Я сижу и монотонно смотрю в камеру. Хриплое дыхание. Я давно уже отвязан — ему понадобились мои руки, чтобы превратить их в кровавые чёрные обрубки — но едва ли смог бы встать, даже если бы захотел. Сижу. Смотрю в камеру. Дышу.
Это жуткое зрелище продолжается минуты две-три, а затем Паша возвращается. За время отсутствия он успел вытереть с рук кровь. В руках — CD-проигрыватель и коробочка с диском.
— Если стало скучно, нет ничего лучше хорошей музыки, — он улыбается доброй, дружеской улыбкой, даже какой-то заботливой. — Я решил, тебе понравится. Может, снова развеселишься, включишься в процесс.
Дисковод открывается. Диск ставится на место. Паша нажимает кнопку — и…
“На фундаменте жизни воздвигни свои монументы!
Подчини своей воле стремительный водоворот!
Будет трудно, но стоит ли жить без подобных моментов?
Ведь ты — пробуждённый!
Ты сможешь, ты сдюжишь –
Вперёд!” — несётся из динамиков. Песня Лики, самая мотивирующая, мать её, песня десятилетия.

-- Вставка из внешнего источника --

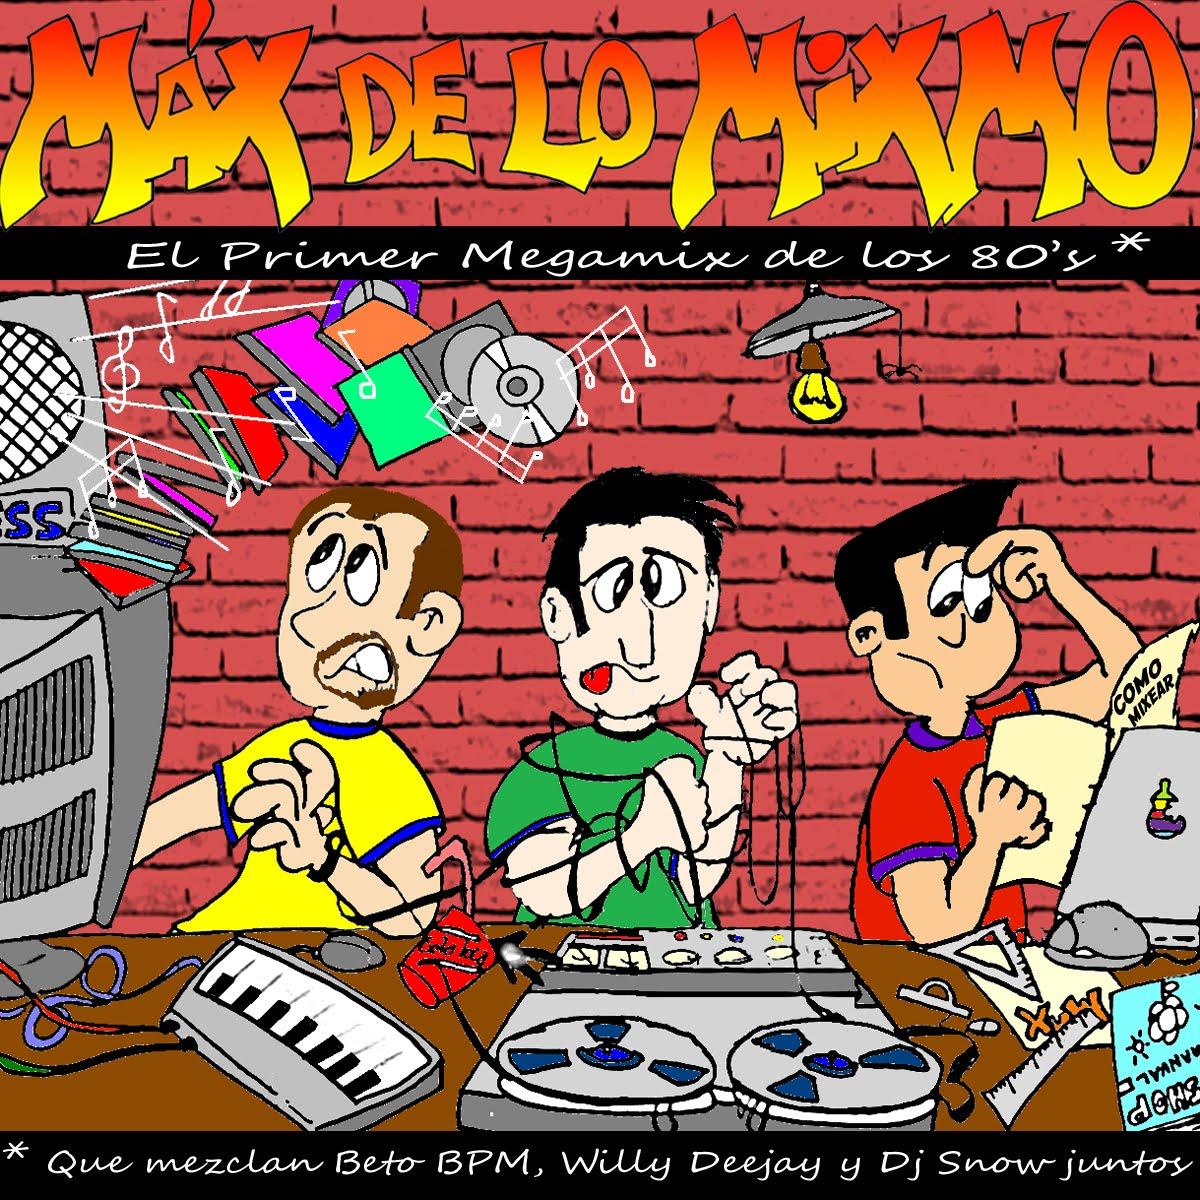 http://4.bp.blogspot.com/_8bUJIyy3Ecc/TMCLFNfl6nI/AAAAAAAAGXo/CNHYRRiDgp4/s1600/M%C3%A1x+de+lo+Mixmo+(Single).jpg
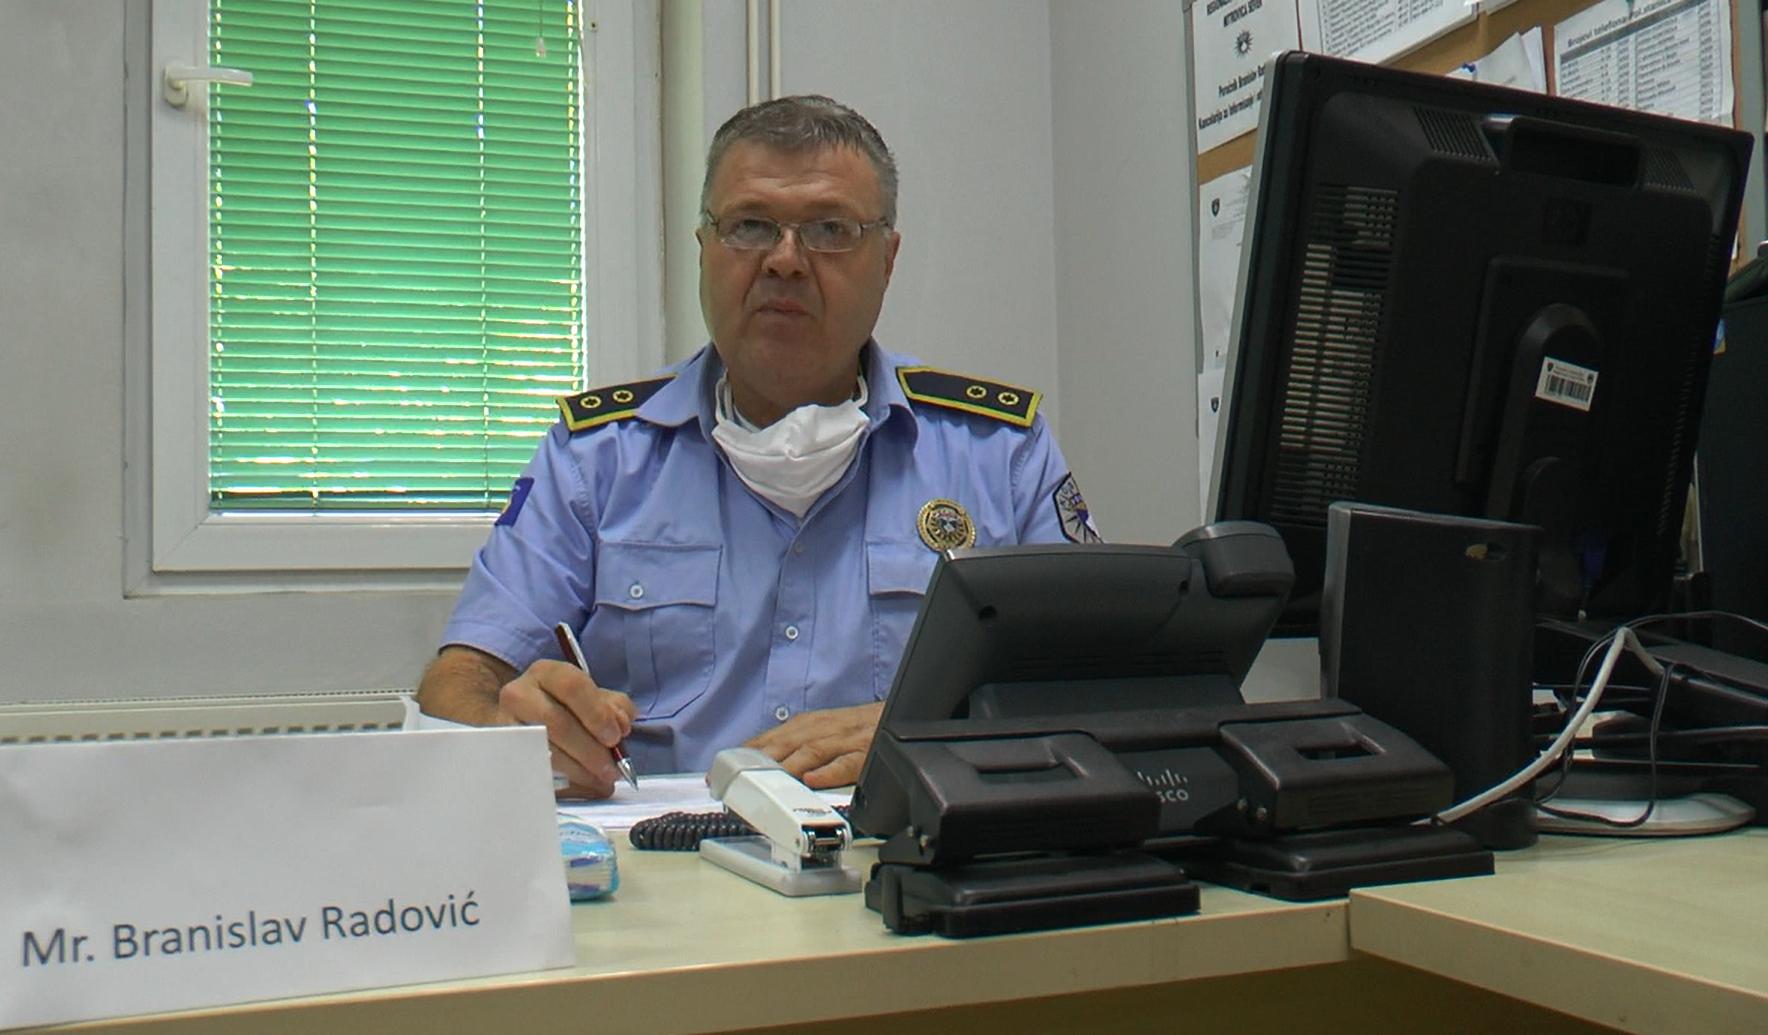 radovic-relevantne-institucije-na-kosovu-obavezne-se-da-sprovode-donesene-odluke

Я на видео продолжаю смотреть в камеру. За музыкой не слышно хриплого дыхания, но я знаю, что оно есть.
***
— Мда уж. Я уже извинялся? Не помню, — прошлый я улыбнулся, — но попридержи коней, ковбой. Если сейчас твоё сердце загорелось праведным гневом, а кулаки грозно сжались для осуществления страшной мести… придется тебя обломать, — я развел руками на видео, — Я уже. По крайней мере, частично. Дотла эту конторку тоже спалили мы с тобой. Не понравилось обслуживание, — прошлый я зацокал языком и прикусил нижнюю губу. — Все несколько сложнее простой мести. К сожалению.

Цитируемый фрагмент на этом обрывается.